あるいは、東日本大震災級の大規模自然災害が発生したとき、誰が被災者を助けてくれますか。新古典派経済学の世界では、基本的に全ては「自己責任」でございますから、学者たちは、

「大規模自然災害が発生する可能性があるなら、保険に入っておけばいいじゃないか」

と言ってのけます(実際に言われました)。

「ちょっと待てっ! 国家とは、国民とはそういうものではないだろう。非常事態が発生した際に助け合わなければ国民が生き残れないからこそ、国家という共同体が発展したのではないのか?」

と、反論するわけですが、新古典派経済学の世界において、人間は「経済人」という個人なのです。個人が国境すら無視して、自由自在に動き回り、市場競争を繰り広げ、効用最大化を目指すわけなので、そもそも「共同体」という概念すら持ち合わせていないのです。無論、非常事態や安全保障といった概念も、経済学には含まれていません。

「神、空にしろしめす。なべて世はこともなし」

世界がもし「こともなし」な平時を続けられるならば、人間が「個人」「経済人」として生きていくことも可能かも知れません。とはいえ、現実は違います。人間には国家、国境が必要なのです。

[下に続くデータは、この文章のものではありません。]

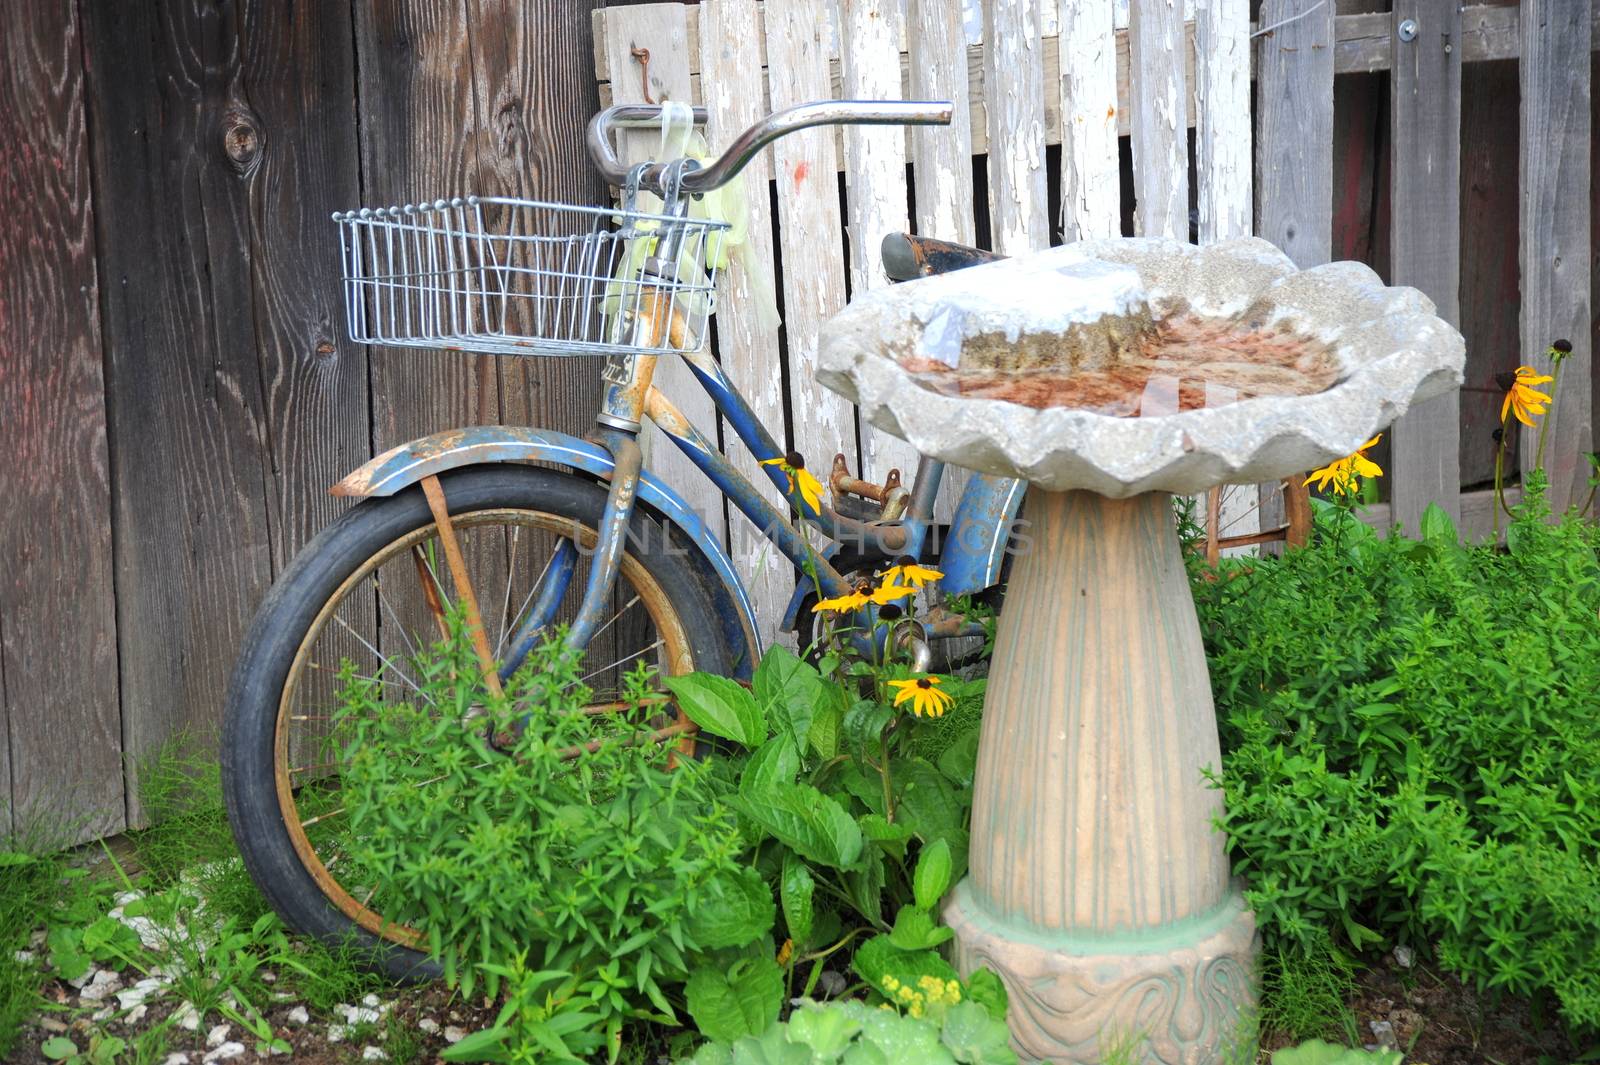 Vintage bike displayed against a wooden fence outside.
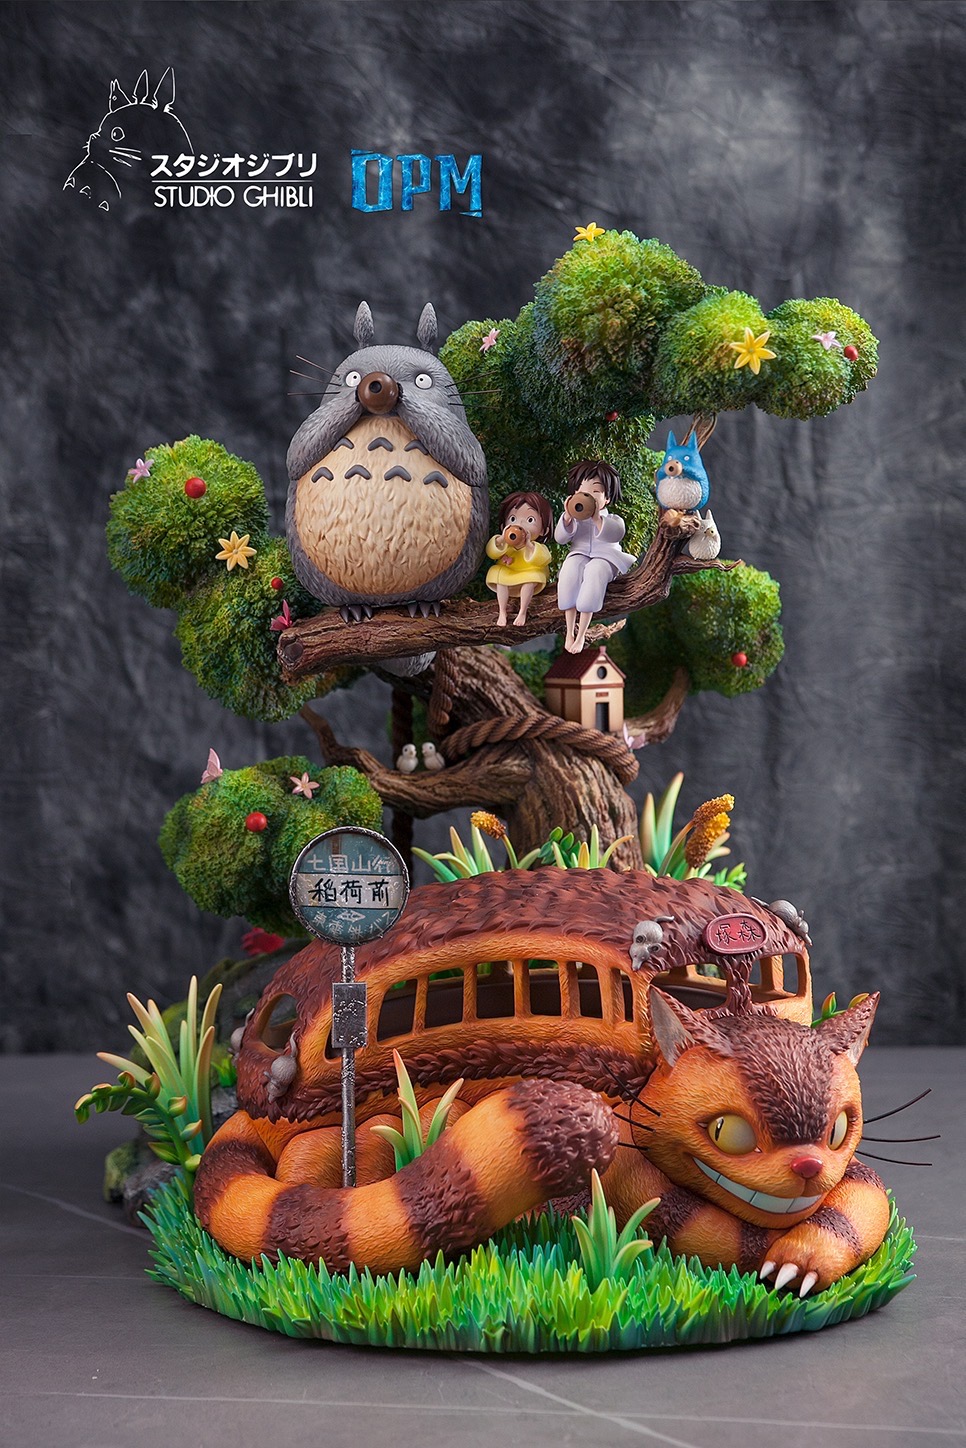 Totoro โทโทโร่ “ Studio Ghibli “ by OPM-Studio (มัดจำ) [[SOLD OUT]]

幸いなことに、日本は今でも国民の同質性が高く、他国と比べて「外国人問題」が大きくなっているわけではありません(だからこそ、無防備すぎるのですが)。我が国はまだ間に合います。日本国民の国家「日本」を維持することは、今でも可能なのです。

安倍政権が現在の路線を突き進む限り、残念ながら今後の日本国民は「グローバリズム」という怪物と、これまで以上に激しく争わなければならない状況になるでしょう。「彼ら」との争いに勝つためには、こちらが「奥の奥」まできちんと理解しておく必要があります。「外国人が増える? なんか嫌だなあ・・・」では、各種のレトリックを駆使する彼らに対し、勝ち目がないのです。

というわけで、三橋は「移民亡国論」を「今」書かなければならないと判断したわけでございます。